В этот момент пролетающий мимо сенбернар с сердитой мордой рявкнул на Лейбница:
- Яволь!
- Какие яволи в миг’ное вг’емя? – возмутился Лейбниц, и, достав из кармана красную книжечку, продемонстрировал собаке, которая, впрочем, уже удалялась: - Я член КПСС с тысяча восемьсот двенадцатого года! Натуг’альный, не суг’г’огат… - Лейбниц вздохнул: - Впрочем, вашей лошадке, кажется, плохо… Г’азг’ешите помочь.
Он приблизился к Сивке и извлёк из котомки зелёную бутыль с мутной жидкостью.
- Свег’хсекг’етное сг’едство, - пояснил он, отвинчивая пробку и вливая жидкость Сивке прямо в пасть. – Залечивает телесные г’аны, но имеет побочный эффект – вызывает неутолимую тоску по Г’одине.
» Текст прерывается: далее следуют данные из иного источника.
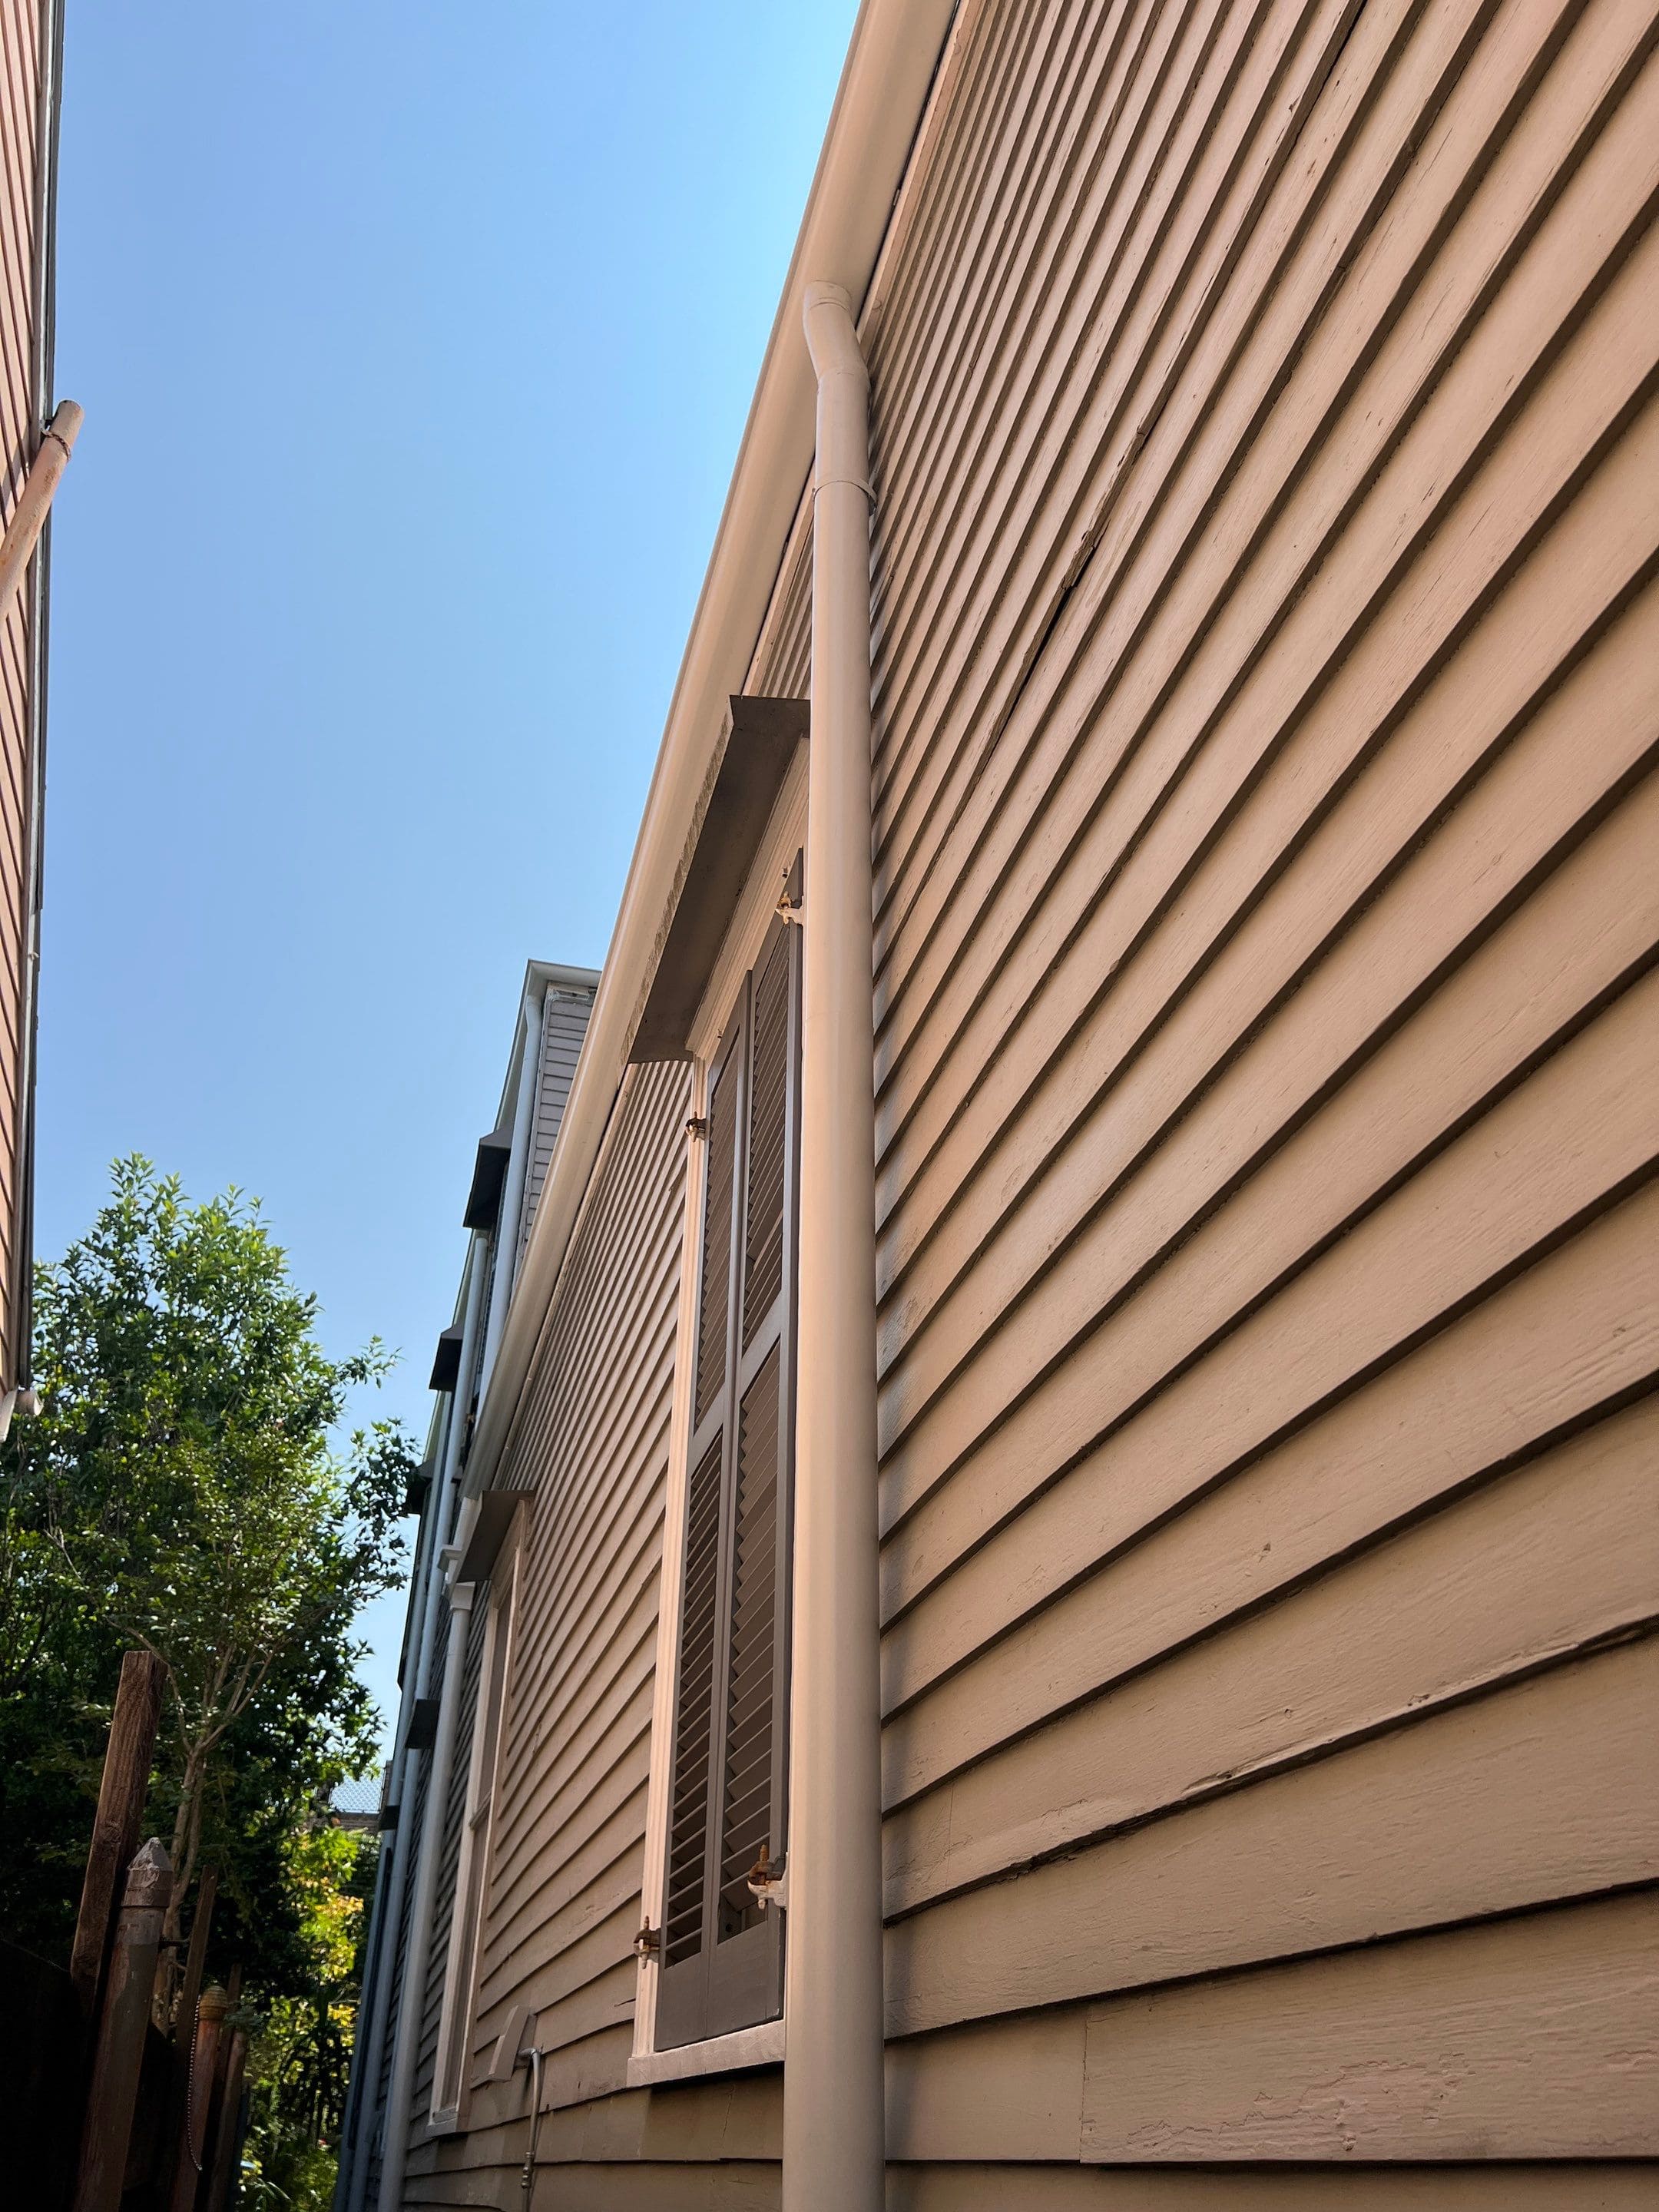 Gutter Systems Experts

Мне тоже пг’ишлось употг’еблять неоднокг’атно. Может быть, поэтому мне так хочется домой, в Советский Союз…
Сивка сделала несколько больших глотков, затем моментально вскочила на ноги и повернулась к нам повреждённым боком, на котором, дымясь, прямо на глазах затягивалась недавняя рана. Она повернулась к Сам Дураку, издала гортанный звук, сопровождаемый свистом, и согнулась. Из зелёного горба на её спине начали выдвигаться два отростка, которые быстро росли и раскладывались в большие кожистые крылья.
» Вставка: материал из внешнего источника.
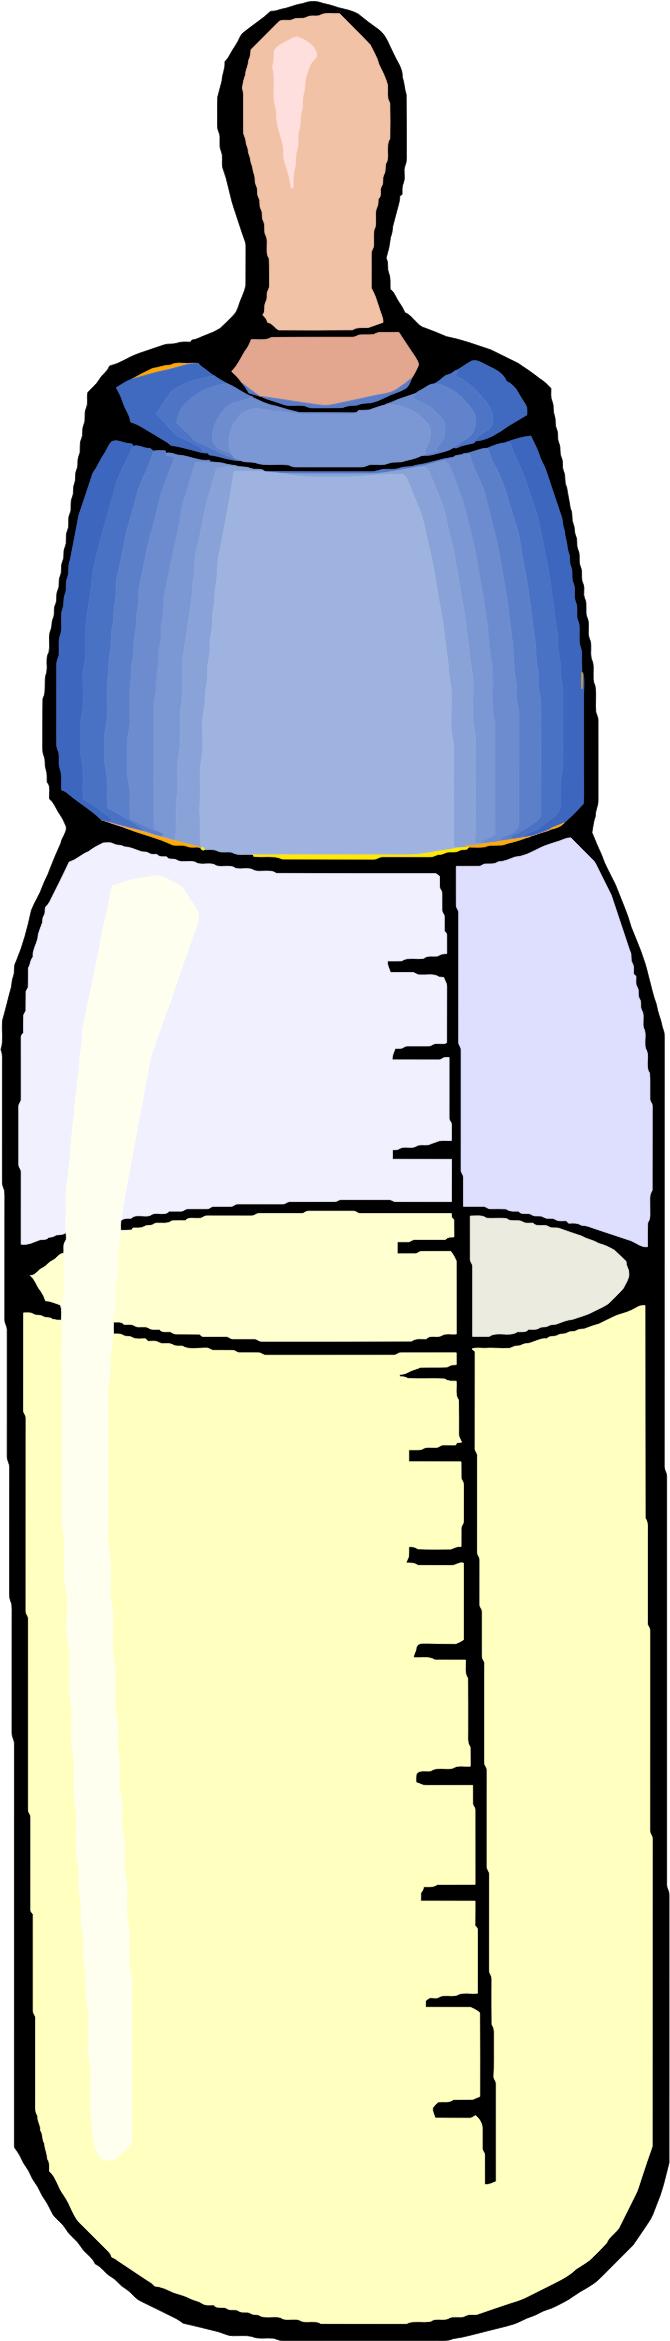 Boys Baby Bottle png

- Ох и ничего себе, - пробормотал Сам Дурак.
- Я же говог’ю – ностальгия твог’ит чудеса, - грустно пояснил Лейбниц.
Сивка замахала крыльями, крикнула торжествующе и, поднявшись над нами, сделала круг, после чего полетела прочь.
- Надеюсь, ей удастся найти свою Г’одину, - сказал Лейбниц.
- А что такое Родина? – спросил негромко Сам Дурак. – Я вот родился на планете Мкераш. Потом её захватила Лига Свободных Доменов, а я сбежал на Эгозон. Родителей моих я не помню, на планете ничего от моего города не осталось. Что есть Родина? То место, откуда ты появился? То жилище, где тебя зачали или где ты родился? Родильный дом? Или, к примеру, бордель, если человек был зачат там? Страна это, где ты жил в детстве, или та страна, которая сейчас находится на месте той, разрушенной страны? Может быть, твоя родина – это яйцеклетка и сперматозоид, которые слились, породив тебя? Или это и вовсе нечто до твоего рождения, что привело к твоему появлению неизвестными тебе способами? Может, у нас всех есть общая Родина где-то там, за пределами нашего понимания, и разные языки и культуры, которые мы помним и знаем, вовсе ни при чём?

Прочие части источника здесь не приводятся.